Thanks. This is my second one caught. First time trying. Lotta fun. How long should I leave it up ?


----------



## SubwayRocket (Feb 8, 2017)

*Re: Question on Bee Swarm hanging outside on the front of the trap*



Michael Carnahan said:


> They will move in, most likely by this evening. Congratulations on your new swarm.





SubwayRocket said:


> Thanks !
> 
> Should I leave them in place a few days to build up comb and start laying ?
> 
> ...


----------



## MichiganMike (Mar 25, 2014)

*Re: Question on Bee Swarm hanging outside on the front of the trap*

I hope the other posters are right, however I had a swarm hang on a trap last year and then flew off. So it is not a sure thing that they will enter. Good luck and let us know how it turns out.


----------



## FlowerPlanter (Aug 3, 2011)

*Re: Question on Bee Swarm hanging outside on the front of the trap*

Every year I would catch one or two like this. If they make comb they seem to use it.

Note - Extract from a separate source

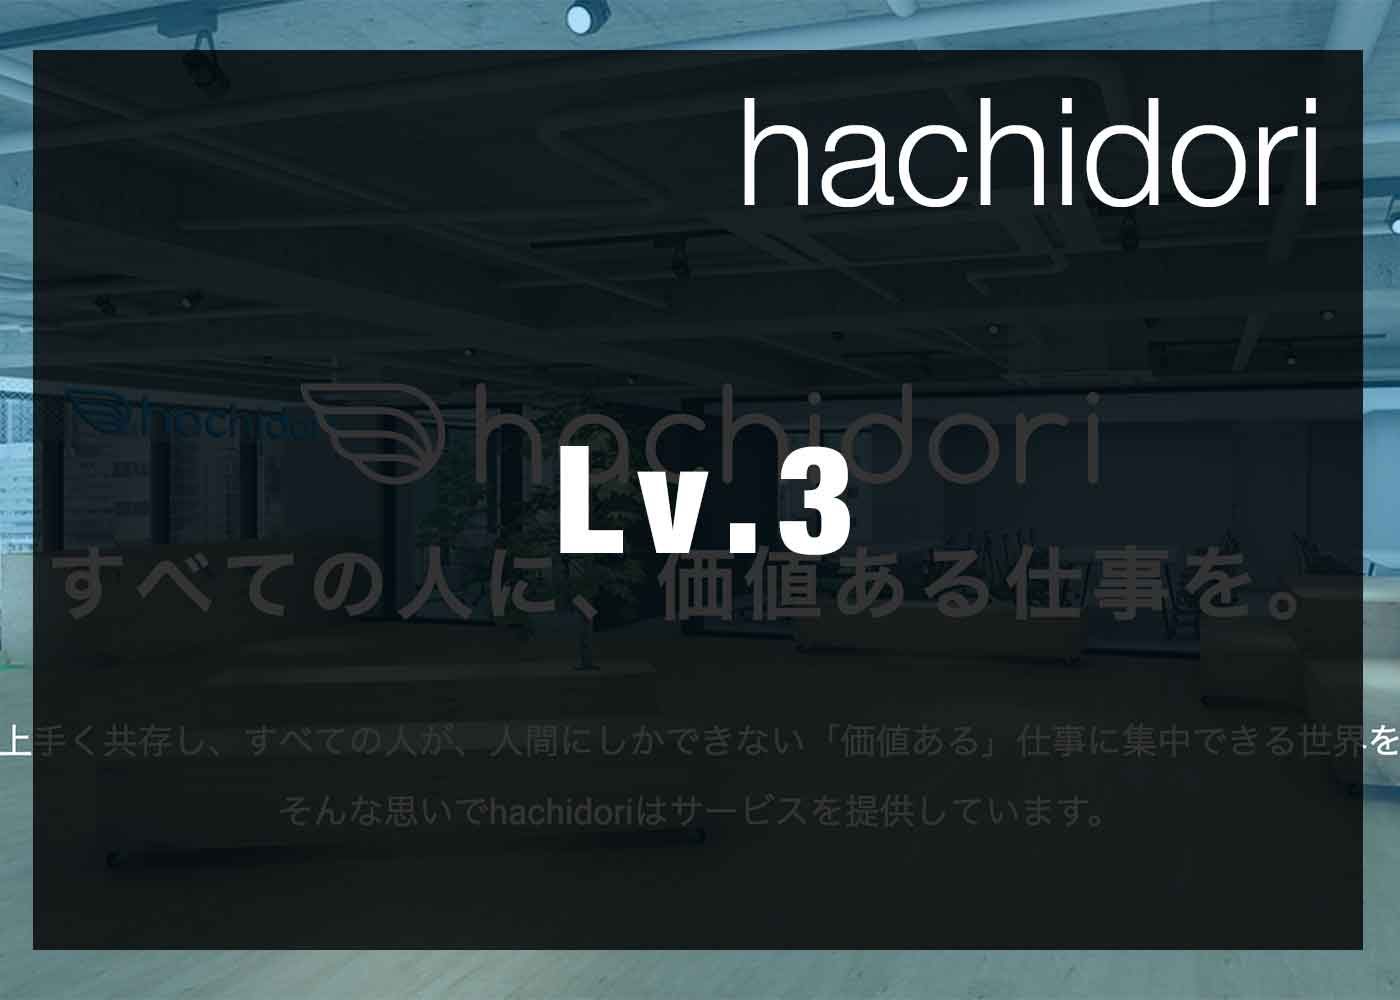 Lv.3: hachidoriの「シナリオ分岐」の使い方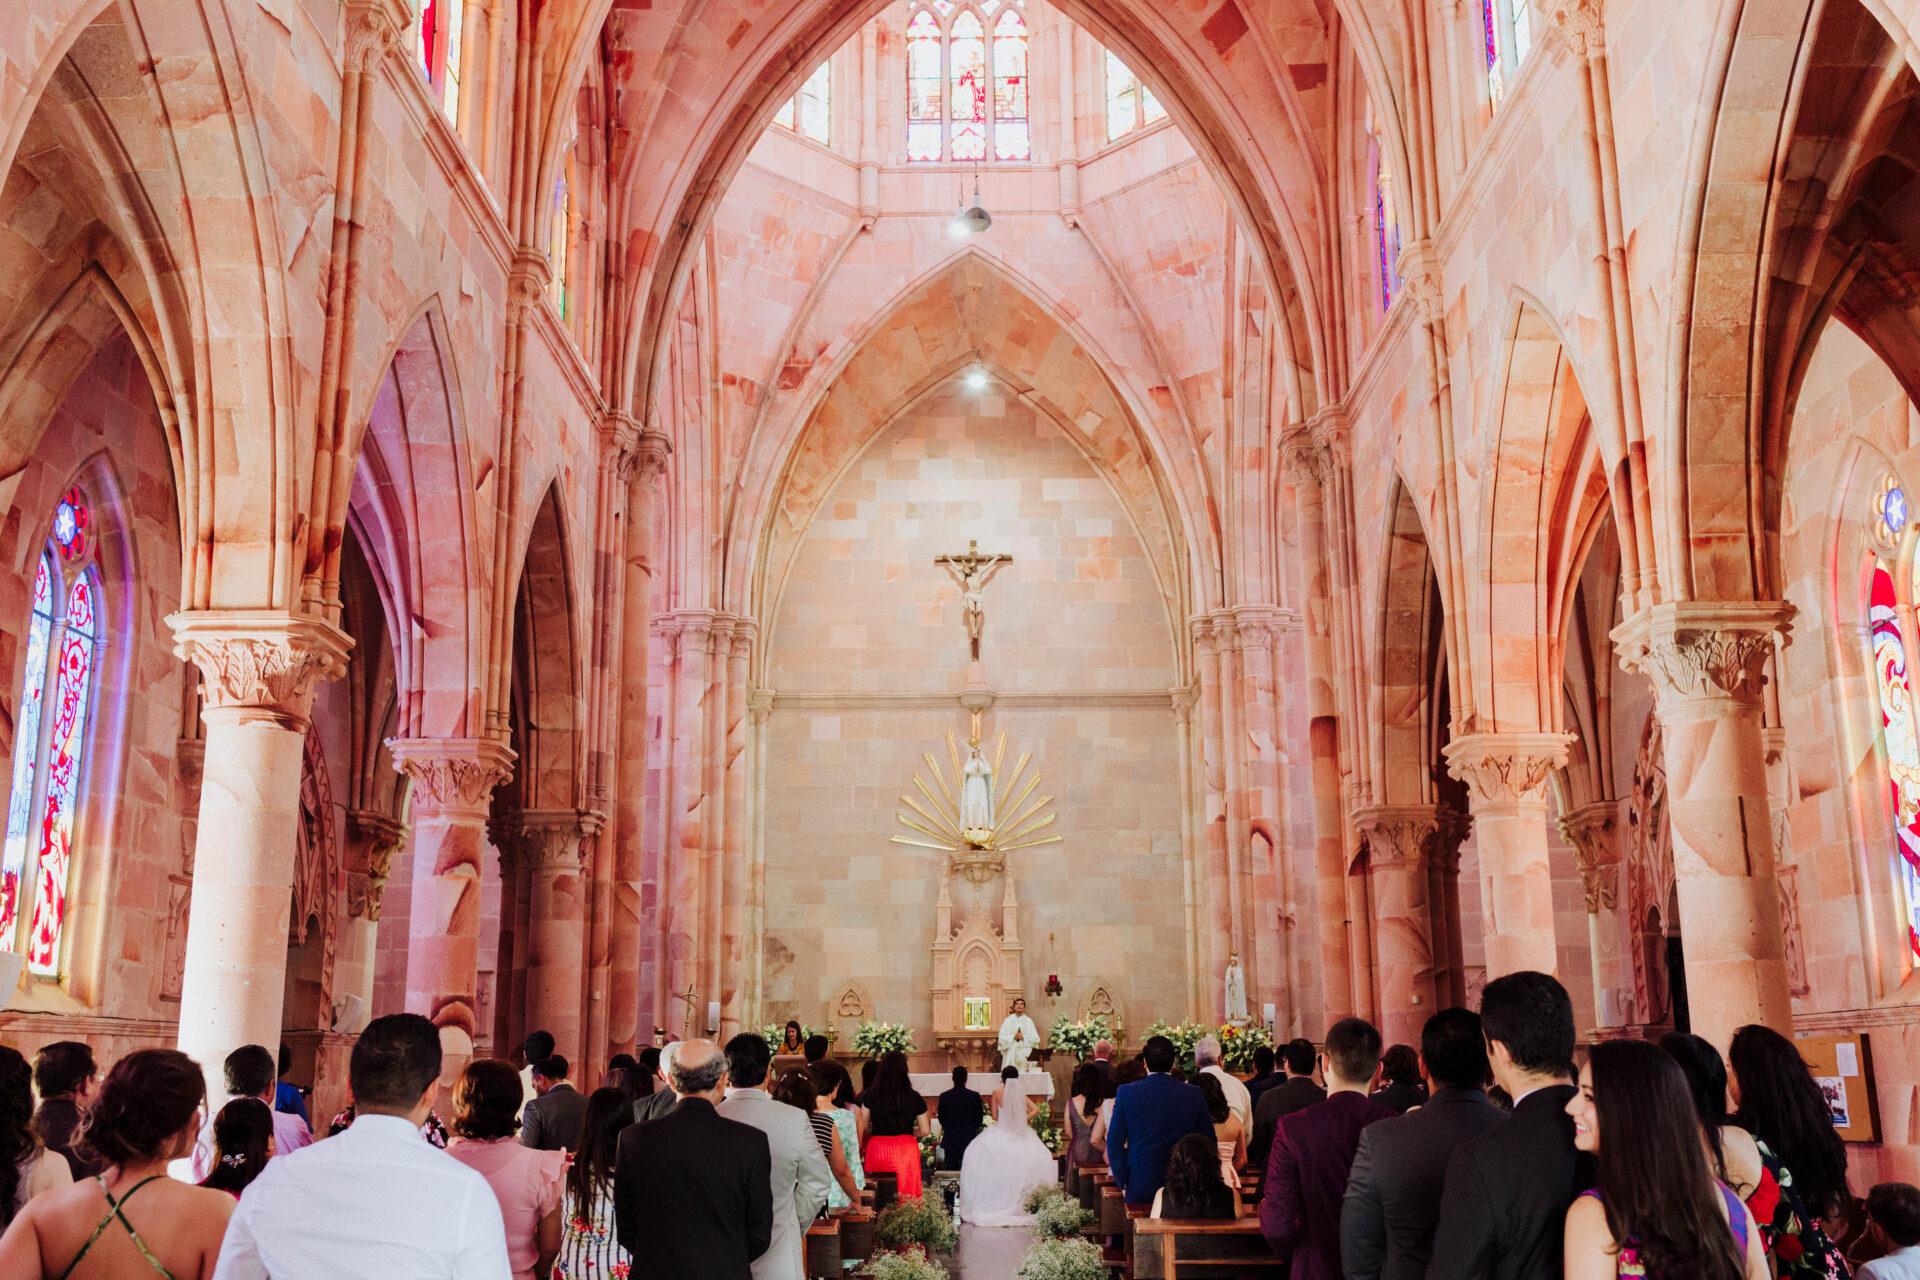 javier_noriega_fotografo_bodas_exhacienda_las_mercedes_zacatecas_wedding_photographer4a

Most of that was brood. They did start to work one frame inside the box.


----------



## SubwayRocket (Feb 8, 2017)

*Re: Question on Bee Swarm hanging outside on the front of the trap*

Nope. They moved on. They drew a little wax on the front where the swarm was hanging, they drew a little comb on this frame and this small cluster of bees , also a similar size small cluster on the inside front wall of the box . I took out the baggie with the LGO cotton ball , also removed the LGO Q-tips .


----------



## MichiganMike (Mar 25, 2014)

*Re: Question on Bee Swarm hanging outside on the front of the trap*

I am not surprised, as I mentioned earlier the same thing happened to me. In the future if I have a swarm hanging on one of my traps I will capture them and hive them.


----------



## SubwayRocket (Feb 8, 2017)

*Re: Question on Bee Swarm hanging outside on the front of the trap*



MichiganMike said:


> I am not surprised, as I mentioned earlier the same thing happened to me. In the future if I have a swarm hanging on one of my traps I will capture them and hive them.


 I hear ya . I posted , kept trying to get advice but no responses to my question...so I left it be. I may have had a chance to go back there after work or next morning and drop them into a cardboard box ...owell...live and learn. I definitely learned something. Meanwhile the other trap I caught and hived a swarm off about 8 days ago is teeming with bees . idk if they are stragglers from the swarm I caught or what. I did take that trap down just before dark, when I didnt see bees coming or going anymore. Maybe I'll take that trap down tomorrow morning very early and have a look.


----------